* _SUPPLIED DATA_
━━━━
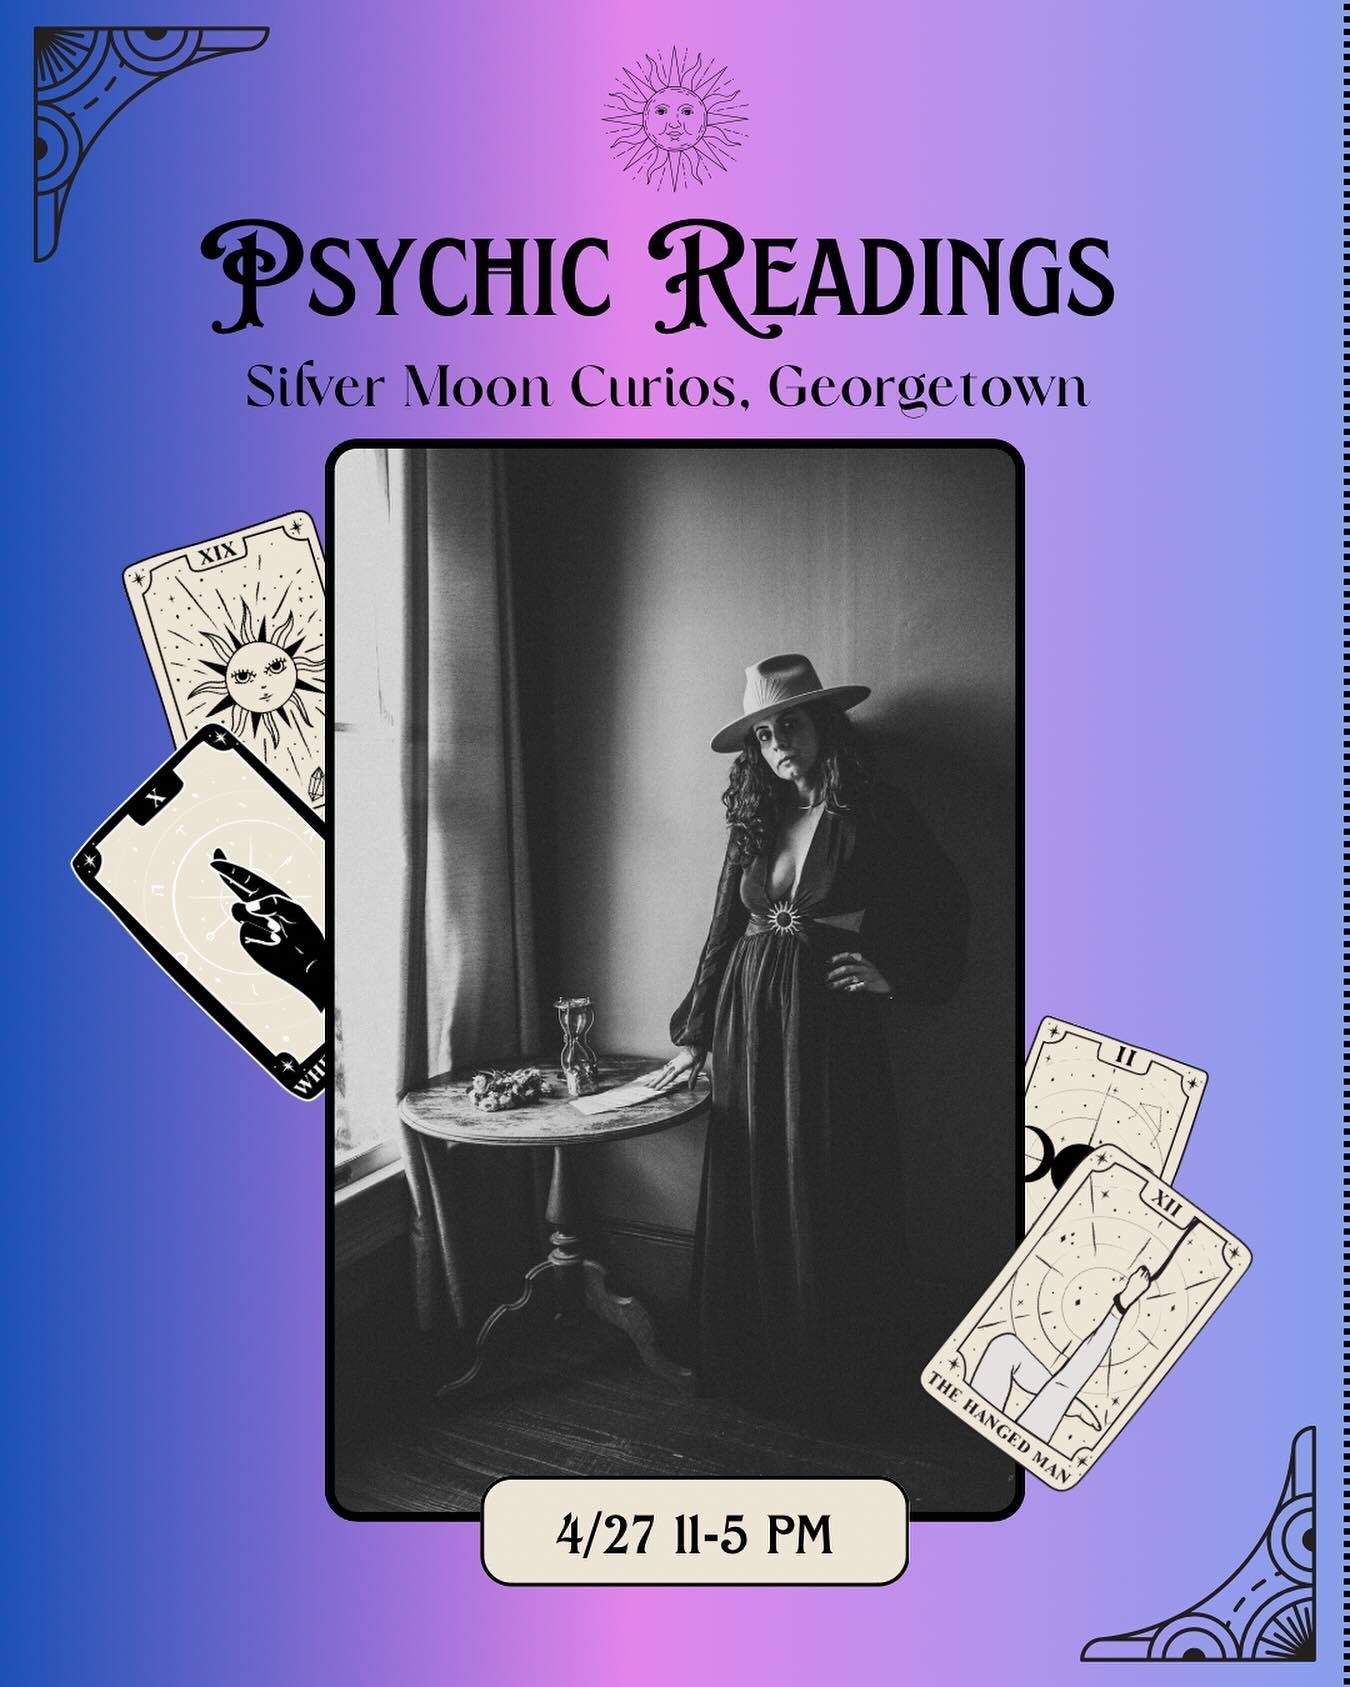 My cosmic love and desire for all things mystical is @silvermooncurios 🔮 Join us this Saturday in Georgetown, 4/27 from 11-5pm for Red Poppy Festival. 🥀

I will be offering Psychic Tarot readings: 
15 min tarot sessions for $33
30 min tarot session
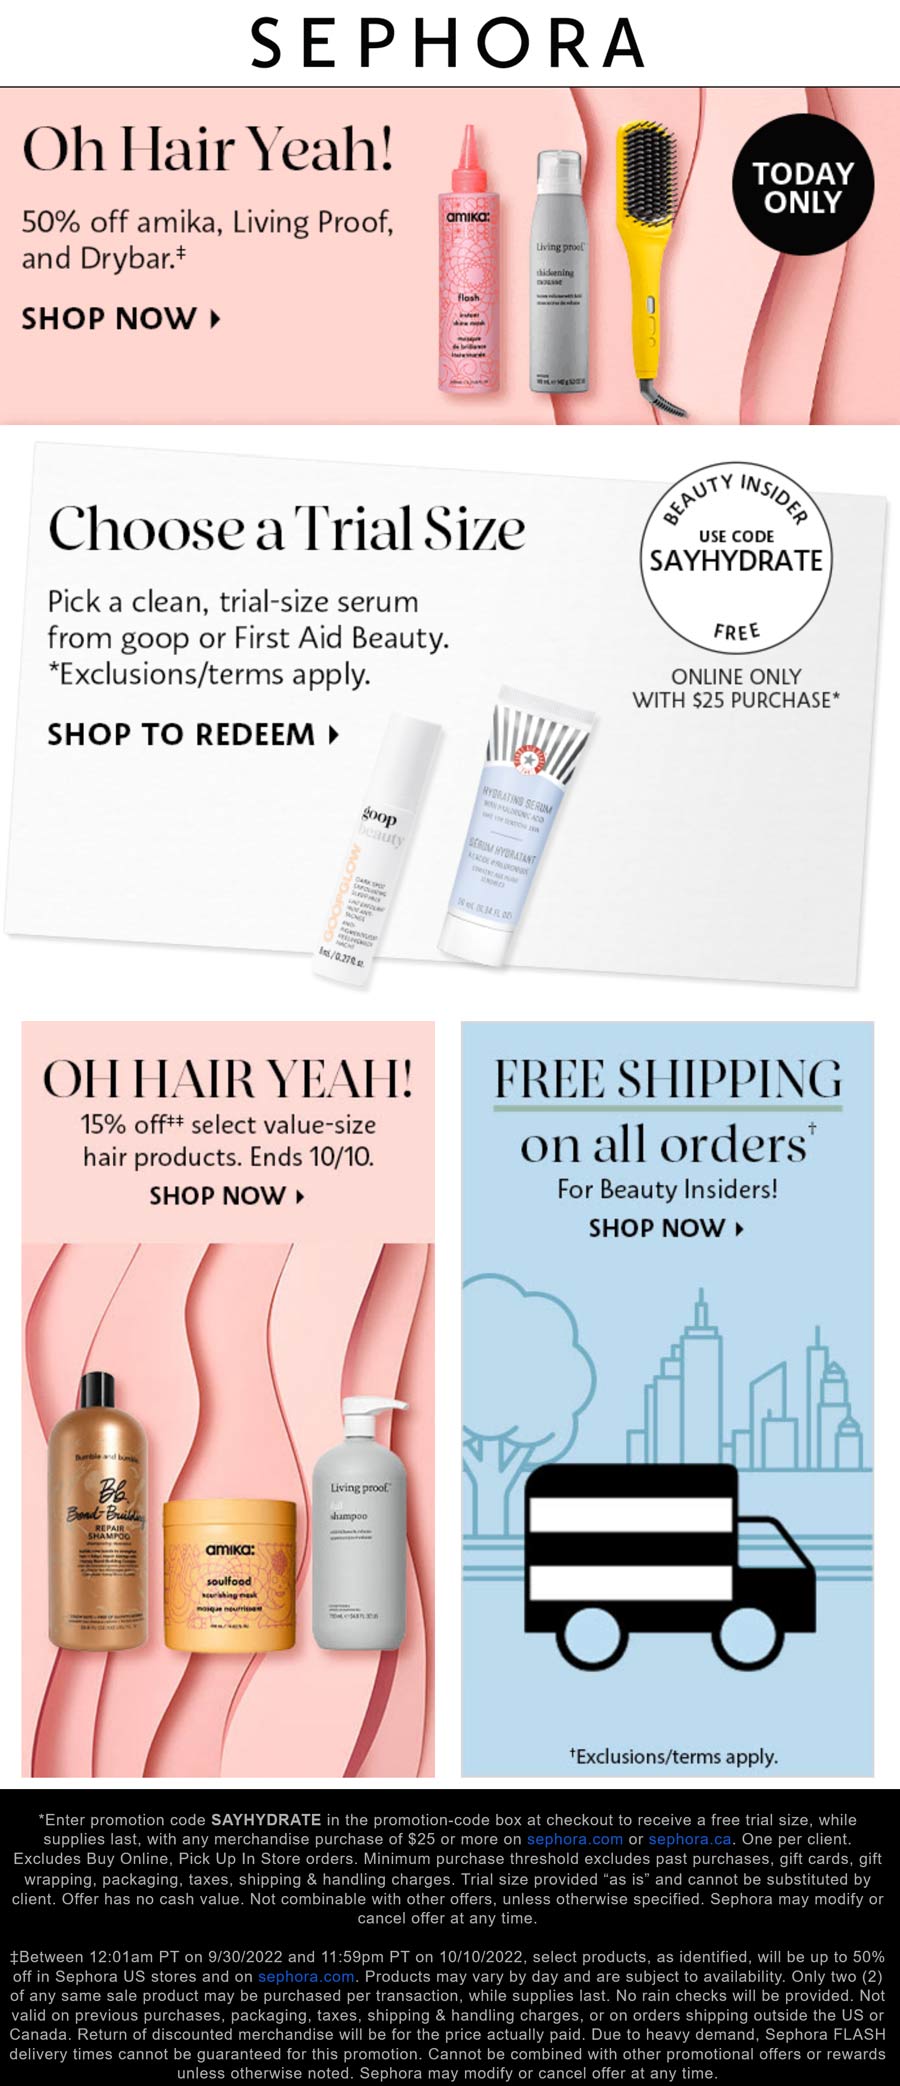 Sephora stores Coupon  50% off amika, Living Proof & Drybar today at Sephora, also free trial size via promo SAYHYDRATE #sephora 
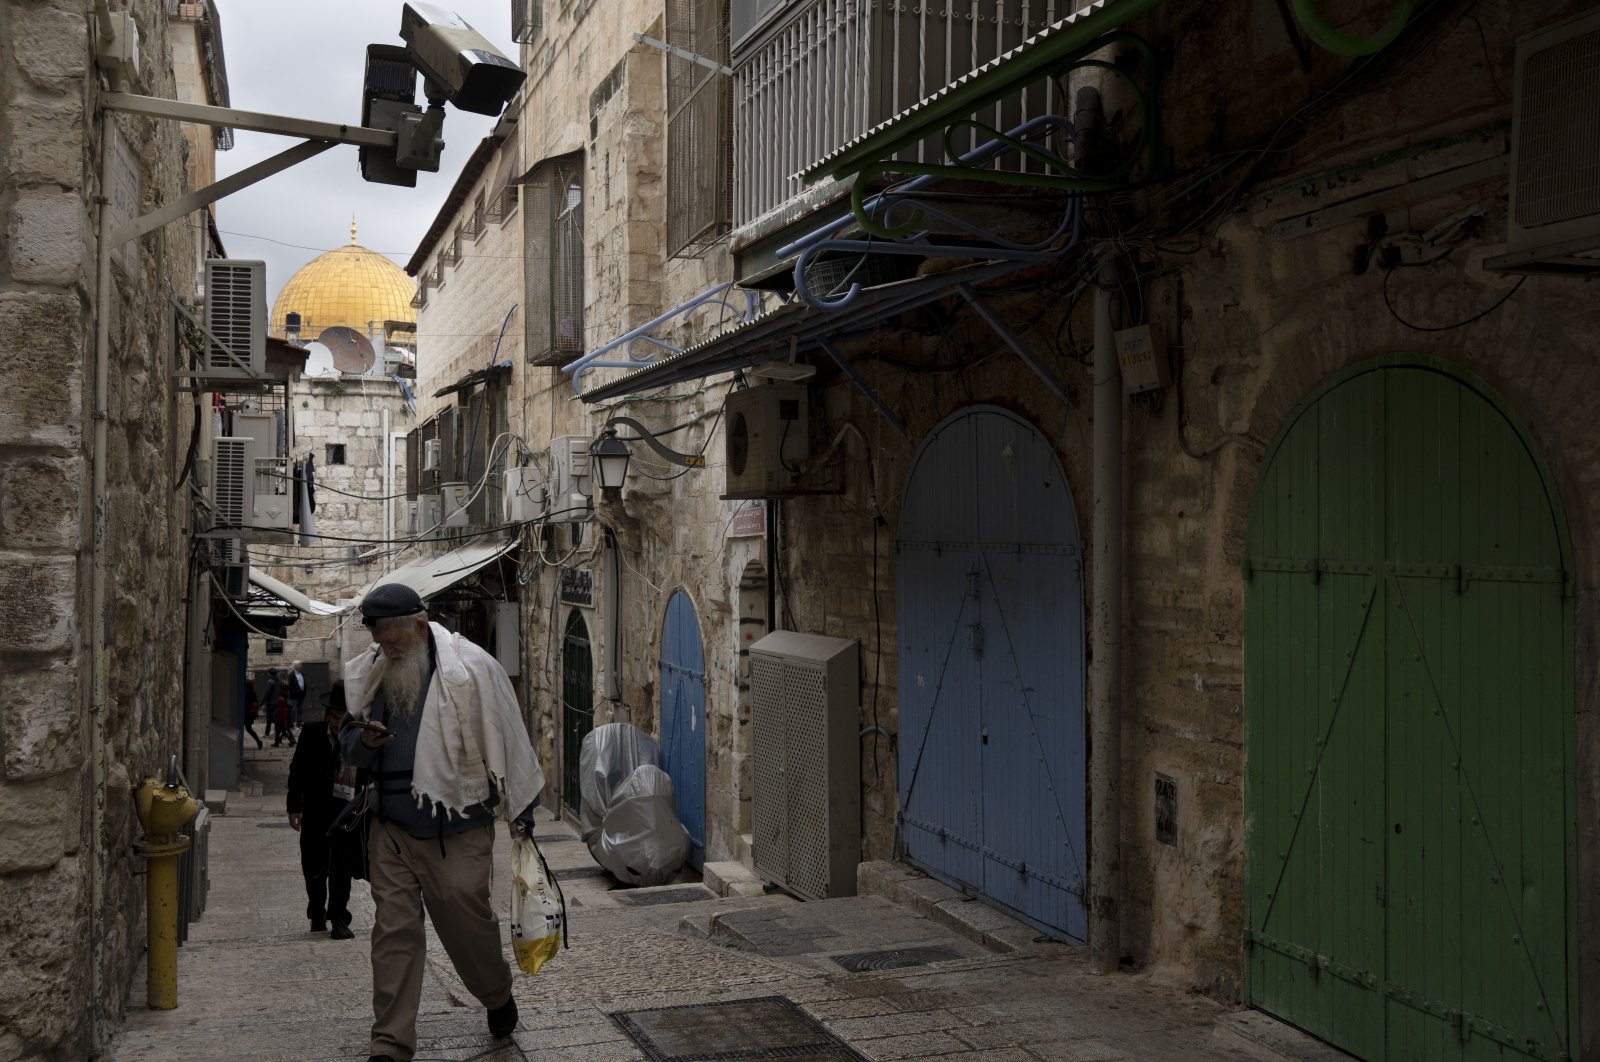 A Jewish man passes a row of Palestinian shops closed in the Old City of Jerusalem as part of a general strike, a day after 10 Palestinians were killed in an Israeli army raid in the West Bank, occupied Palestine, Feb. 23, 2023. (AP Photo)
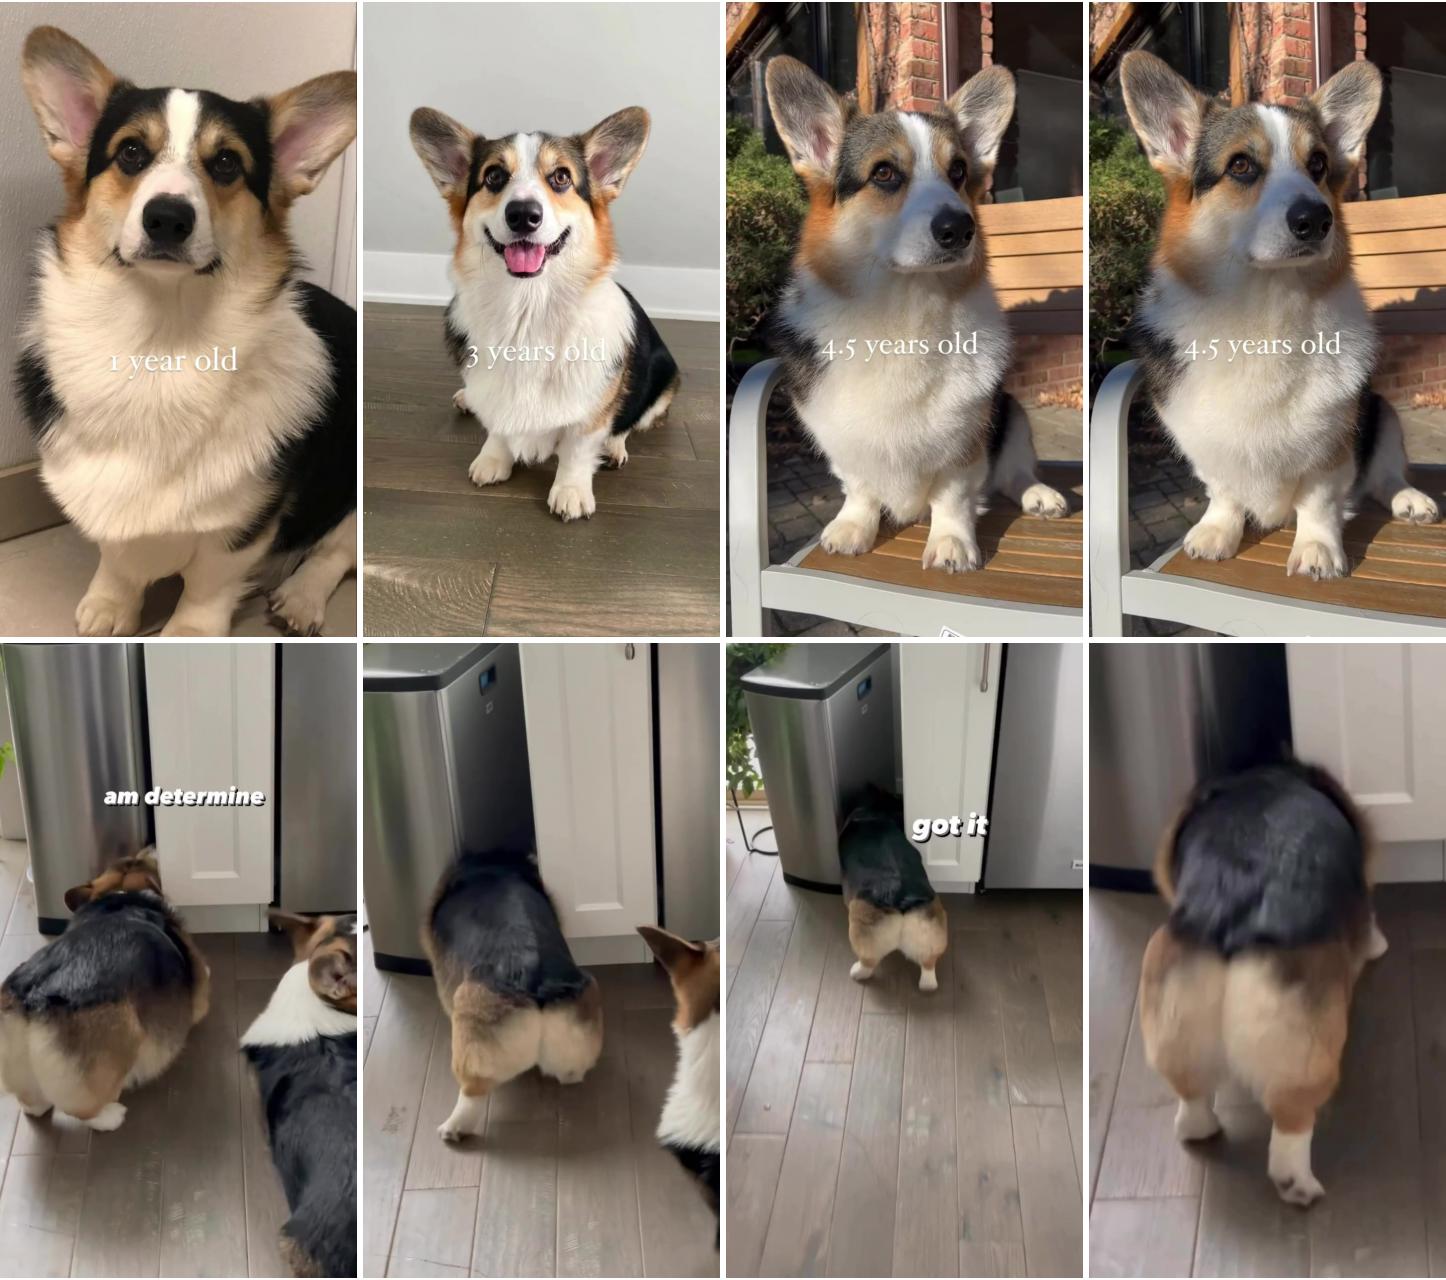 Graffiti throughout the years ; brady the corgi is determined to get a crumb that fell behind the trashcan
━━━━
Only the lines from the one containing "A Jewish man" through the final line of the data are to be written out, exactly as they stand and without pictures.

* _RESULT OF THIS TASK_
 A Jewish man passes a row of Palestinian shops closed in the Old City of Jerusalem as part of a general strike, a day after 10 Palestinians were killed in an Israeli army raid in the West Bank, occupied Palestine, Feb. 23, 2023. (AP Photo)
 Graffiti throughout the years ; brady the corgi is determined to get a crumb that fell behind the trashcan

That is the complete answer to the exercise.